Below is federal data on the loans students use to pay for Paul Mitchell the School Delaware— how much they borrow, how that debt is spread across the student body, and what it costs to pay back. These figures are reported by the Department of Education and IPEDS.
At Paul Mitchell the School Delaware, 78% of new students use loans toward freshman-year expenses, at roughly $731 per borrower, covering both private and federal loans.
On the federal side, the average loan is $731, equal to roughly 13.3% of the typical first-year dependent student borrowing cap of $5,500. Bear in mind the undergraduate averages later on cover federal loans only, whereas this freshman total folds in private loans too.
Counting every undergraduate at Paul Mitchell the School Delaware, 65% finance part of their studies with federal loans, at an average of $7,224 in federal loans per year. It comes to 888.2% more than the $731 borrowed by freshmen.
Borrowing at that rate every year works out to about $14,448 by year two and around $28,896 over a four-year span. These projections assume the same federal borrowing each year and exclude private and Parent PLUS loans.

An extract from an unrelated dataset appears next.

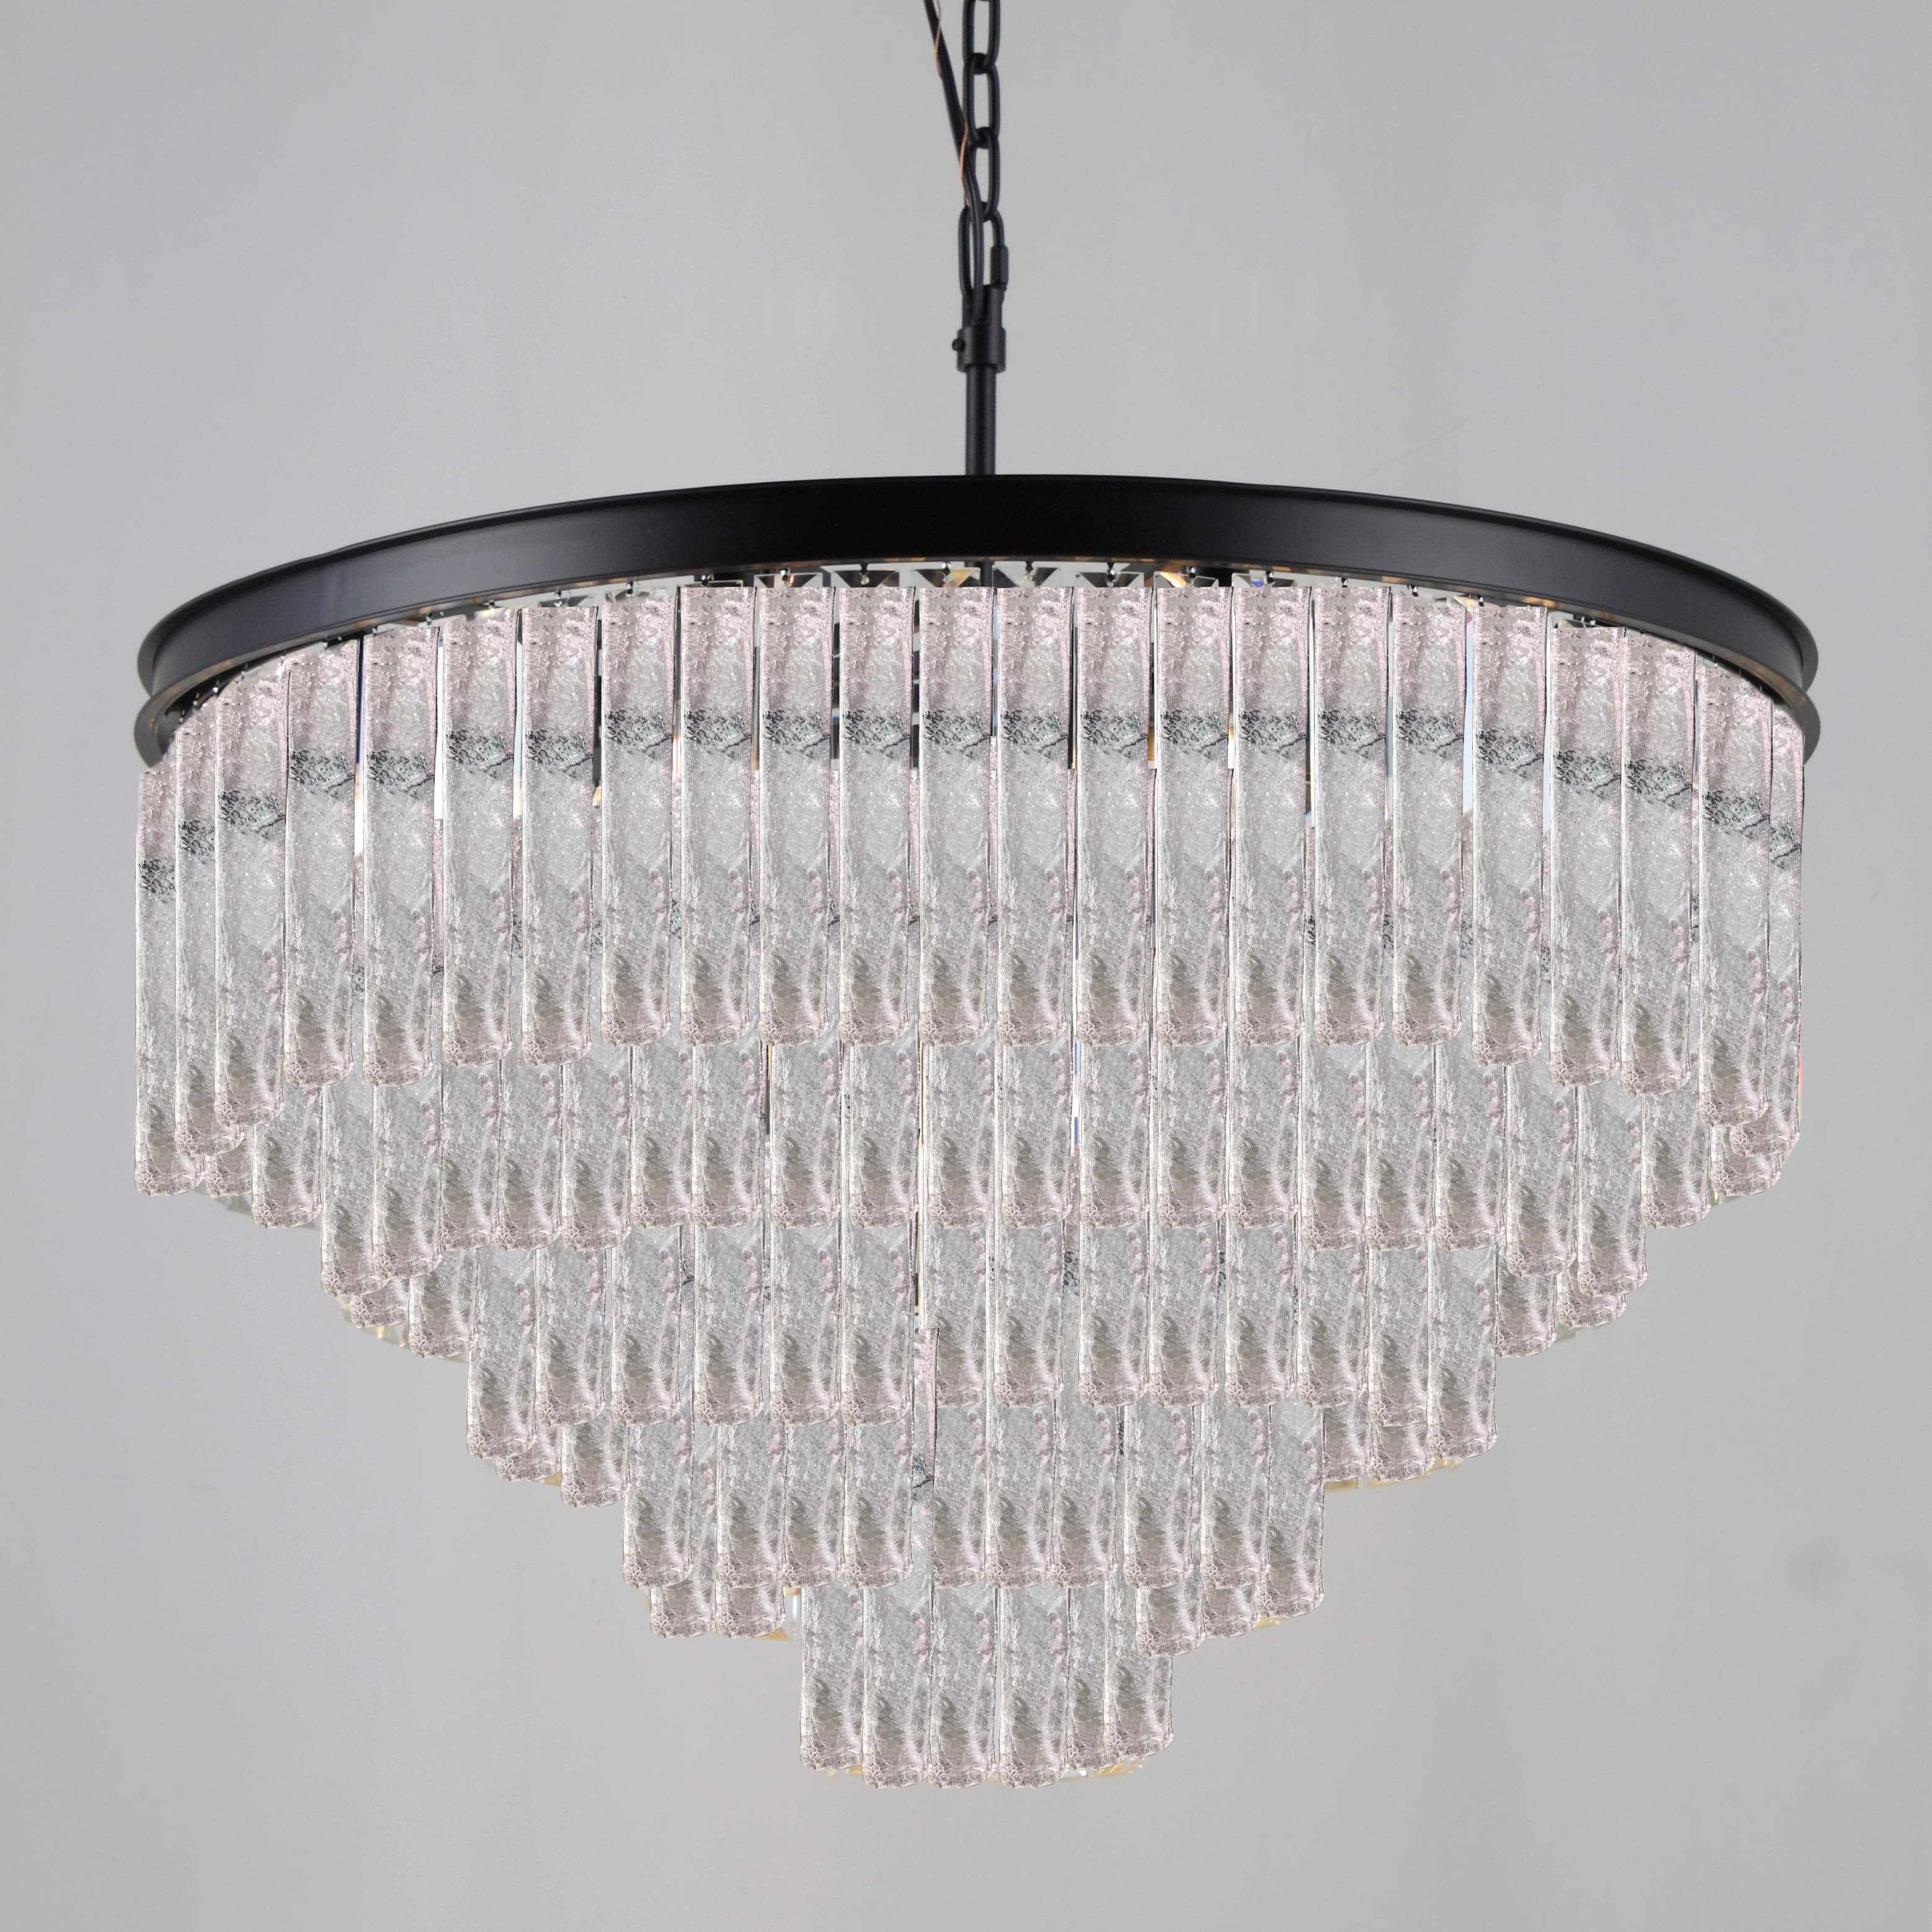 Seline Cracked Textured Glass Round Chandelier Collection - Italian Concept

| Undergraduate federal borrowing | Value |
|---|---|
| Share using federal loans | 65% |
| Average federal loan per year | $7,224 |
| Undergraduates with a federal loan | 134 |
| Total federal loans (one year) | $968,035 |
The middle borrower at Paul Mitchell the School Delaware owes $9,833 of cumulative federal debt.
| Borrower group | Median federal debt |
|---|---|
| All federal borrowers | $9,833 |
| Students who completed (graduates) | $9,833 |
| Students who withdrew | $4,750 |
The figure for students who withdrew is worth watching: debt without a completed credential is the hardest to repay.
The median hides the spread, so the percentiles below show cumulative federal debt at four points in the distribution for Paul Mitchell the School Delaware.
| Percentile | Cumulative Federal Debt |
|---|---|
| 10th percentile (lowest-debt students) | $3,054 |
| 25th percentile | $5,500 |
| 75th percentile | $14,037 |
| 90th percentile (highest-debt students) | $16,500 |
The spread between the lowest- and highest-debt deciles summarizes how variable outcomes are at Paul Mitchell the School Delaware.
Repayment burden translates the debt figures into what a borrower actually pays each month. Paul Mitchell the School Delaware.
The default rate measures how many borrowers fall behind and ultimately fail to repay their federal loans. Two-year cohort default-rate data for Paul Mitchell the School Delaware is shown below.
| Metric | Value |
|---|---|
| 2-year cohort default rate | 0% |
| Borrowers in the cohort | 13 |
A lower default rate generally signals that graduates earn enough to manage their loan payments.
Median debt differs by income tier, first-generation status, and whether the student is financially dependent.
Borrowing by Income Tier
| Income tier | Median federal debt |
|---|---|
| Low income | $9,500 |
| Middle income | $9,833 |
| High income | $9,833 |
Dependent vs Independent Borrowers
| Cohort | Median federal debt |
|---|---|
| Dependent students | $9,833 |
| Independent students | $9,792 |
The Department of Education computes gap indicators that show how borrowing differs between student groups at Paul Mitchell the School Delaware.
Subsidized vs. Unsubsidized Loans
With an unsubsidized loan, interest starts adding up the day the loan is disbursed, including during school. Subsidized loans, by contrast, do not accrue interest while you are enrolled at least half-time, which makes them the less expensive option when you qualify.
Important to Remember
Federal student loans are not discharged in bankruptcy in all but the rarest cases, and the government can withhold part of your income or tax refund if you default.
References
More about our data sources and methodologies.